Expert: Paul Klarreich - 3/9/2007

Question
I do not understand this problem after nearly two days I have thrown in the towel.
The problem reads:
Radioactive Decay: Find the half-life of radioactive iodine (131I)if, after 20 days, 0.53 kilogram of an intial 3 kilograms remain.


Answer
Questioner:   Alicia
Category:  Advanced Math
 
Subject:  Logarithmics

>> Wasn't that the name of a hip-hop group?

Question:  I do not understand this problem after nearly two days I have thrown in the towel.

>> Dried it first, I hope.

The problem reads:
Radioactive Decay: Find the half-life of radioactive iodine (131I) if, after 20 days, 0.53 kilogram of an initial 3 kilograms remain.
..................................
Hi, Alicia,

Your basic equation here is:

M = M0 e^(-kt), where:

M is the mass present at time t.
M0 is the mass present at time  t = 0, which is normally an 'initial' time.
k is a constant that is not equal to, but related to, the half-life.

In your example, M0 = 3.  M = 0.53, and  t = 20.

0.53 = 3 e^(-k(20))

0.53 = 3 e^(-20k)

Now solve for k.  Take the ln of each side:

ln 0.53 = ln (3e^(- 20k))
ln 0.53 = ln 3 + ln e^(- 20k)
ln 0.53 = ln 3 - 20k
20k = ln 3 - ln 0.53
k = (ln 3 - ln 0.53)/20

Now fire up your calculator.
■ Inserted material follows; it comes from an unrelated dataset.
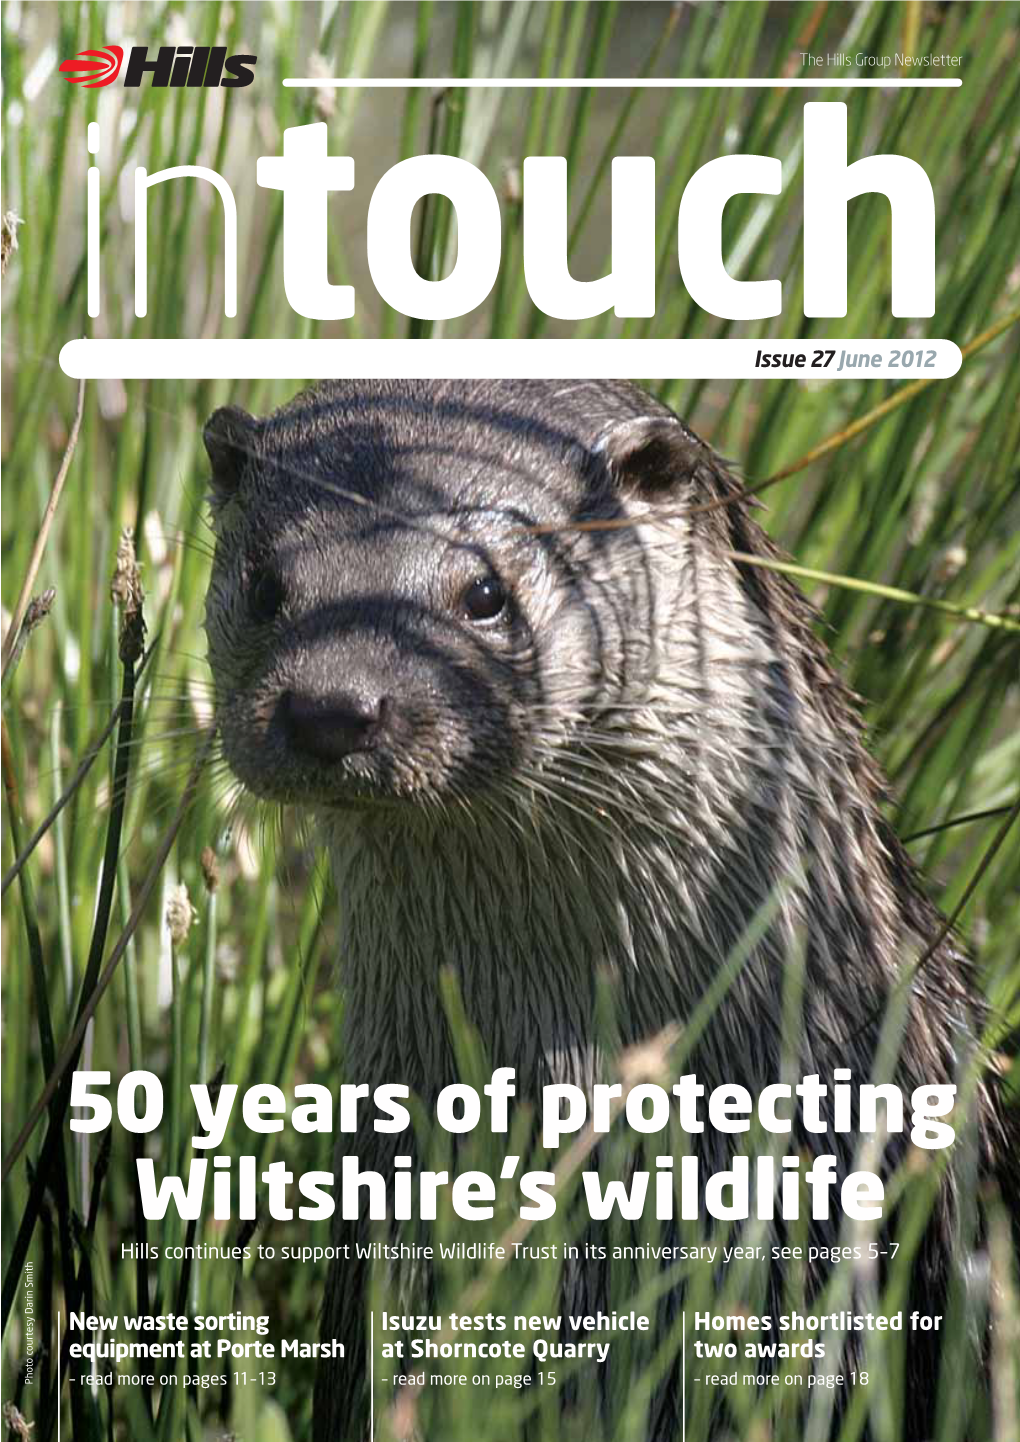 50 Years of Protecting Wiltshire's Wildlife

Push a few buttons and:

k = 0.08667  and your equation is:

M = M0 e^(-0.08667 t)

Now we want a half-life?  That will be a value of t.  It will be THE

value of t when M = M0/2, the time after initialization when you have

half the initial amount.

M0/2 = M0 e^(-0.08667 t)

Solve for t:

1/2 = e^(-0.08667 t)

Take ln on both sides:

ln (1/2) = ln (e^(-0.08667 t))

- ln 2 = -0.08667 t

t = ln 2 / 0.08667

Push those buttons and you have:

t = 7.997126677384066494055998297505 or about 8 seconds.